Suspiré. No era la primera vez que Aeliana se ponía agresiva con ella.

—No debiste hablarle; sabes que tiene mal genio.

—Solo quería hablar con ella. —Audrey tragó saliva—. Pensé que sería difícil para ti hablarle y no quiero que pierdas tu herencia. Te has esforzado mucho para llegar hasta aquí, ya hiciste mucho por la manada codirigiéndola con el tío Dante. —Su gesto se tensó de preocupación—. Sé cuánto significa esta manada para ti, así que traté de hablarle, de pedirle que aceptara la boda.

—¿No estás molesta?

—Lo estoy —admitió, forzando una sonrisa—. Si te hubieras emparejado con otra, tal vez no estaría molesta, pero ¿Aeliana? Eso es un error de la Diosa.

Asentí. En eso podíamos coincidir.

—No debiste ir con ella.

—Lo siento, ¿estás enojado?

En cuanto asentí, palideció y tuve que aclararlo.

—No contigo.

—Kingston, ¿puedo decirte algo? —preguntó, observándome de cerca. Esperó mi aprobación antes de continuar—. No quiero perderte por Aeliana; ella nunca me va a dejar verte —dijo con la voz quebrándose—. Me desterraría de aquí cuando se convierta en tu Luna, pero tiene que serlo, por la manada.

—No va a desterrar a nadie —afirmé—. Aeliana no tiene ese poder. Me casaré con ella para complacer a mi padre y nada más; no podemos ser nada más.

A Audrey le tembló el labio.

—No sé qué haría sin ti. ¿Qué voy a hacer cuando estés con ella? —Tragó con fuerza.

Audrey y yo nos acercamos durante mis años de entrenamiento; empezó a escribirme cuando necesitaba un ancla de casa, y desde entonces éramos cercanos.

Era estupenda, pero nuestra conexión parecía mejor en papel de lo que era ahora. Terminar con ella nunca había salido bien; la primera vez que lo hice se enfermó gravemente y cayó en depresión, pero ahora parecía haber llegado el momento de terminar las cosas.

Debió de leerme la mente, porque enseguida negó.

—Por favor, no termines conmigo.

—Mereces estar con alguien que te ame, Audrey —le dije; eso era más de lo que tendría conmigo.

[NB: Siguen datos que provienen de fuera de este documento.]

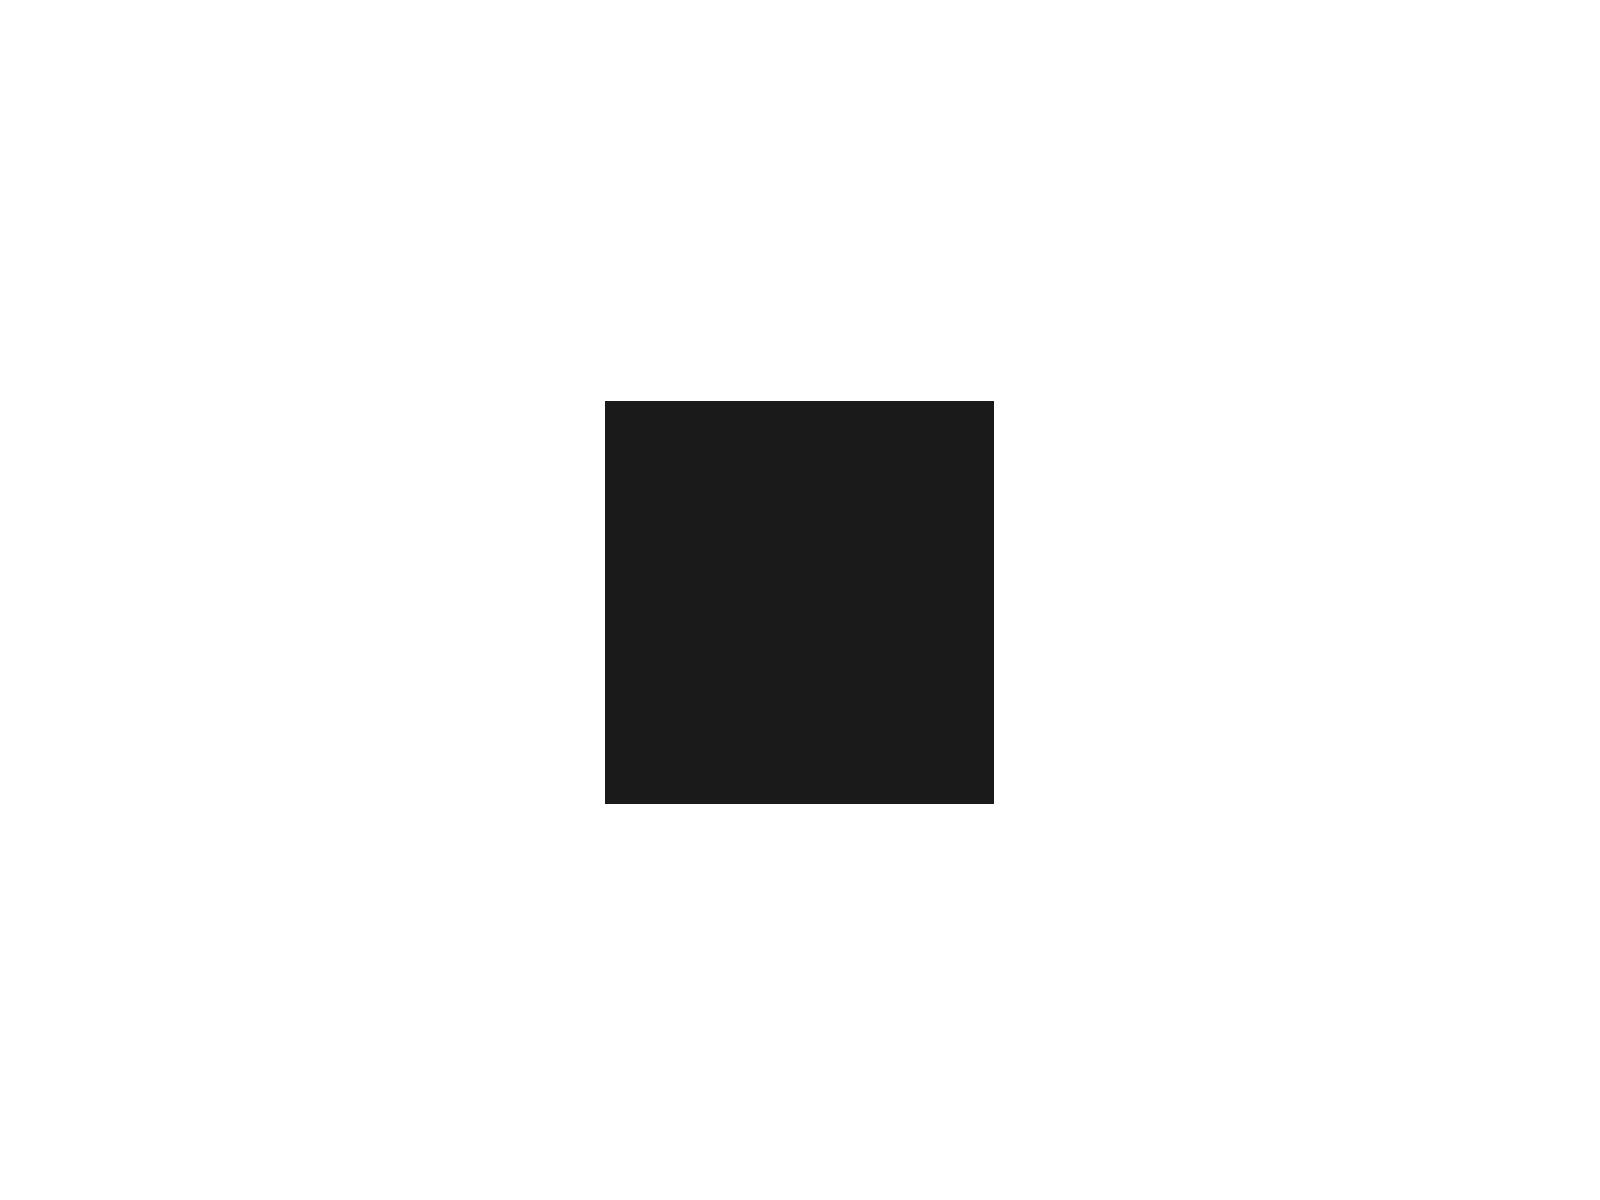 200325_logo_0011_TOKTOK
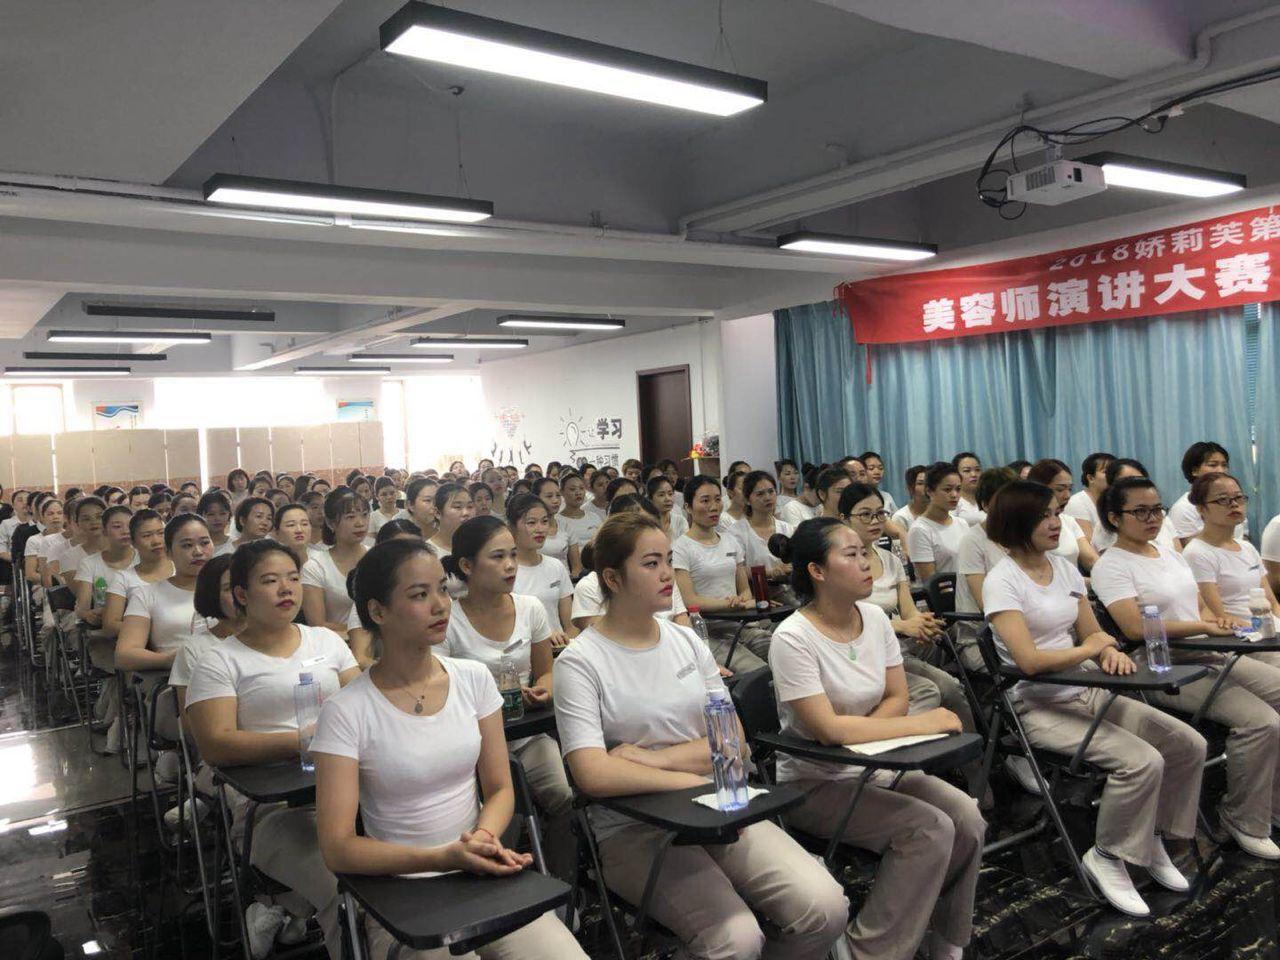 娇莉芙国际化妆品集团有限公司_才通国际人才网_job001.cn

Iba a casarme; Aeliana y yo estaríamos unidos de por vida por mucho que detestara la idea.

—Lo tengo contigo —dijo entre sollozos, con las lágrimas corriéndole por la cara mientras caía de rodillas frente a mí, las manos apoyadas en mis piernas—. No quiero a nadie más, no me importa si te casas con Aeliana y con otras diez, solo quiero estar contigo. Hasta yo la ayudaré a arreglarse para la boda si quieres, pero no me dejes.

—Audrey… —Extendí la mano para secarle las lágrimas, pero ella me la apretó entre las suyas.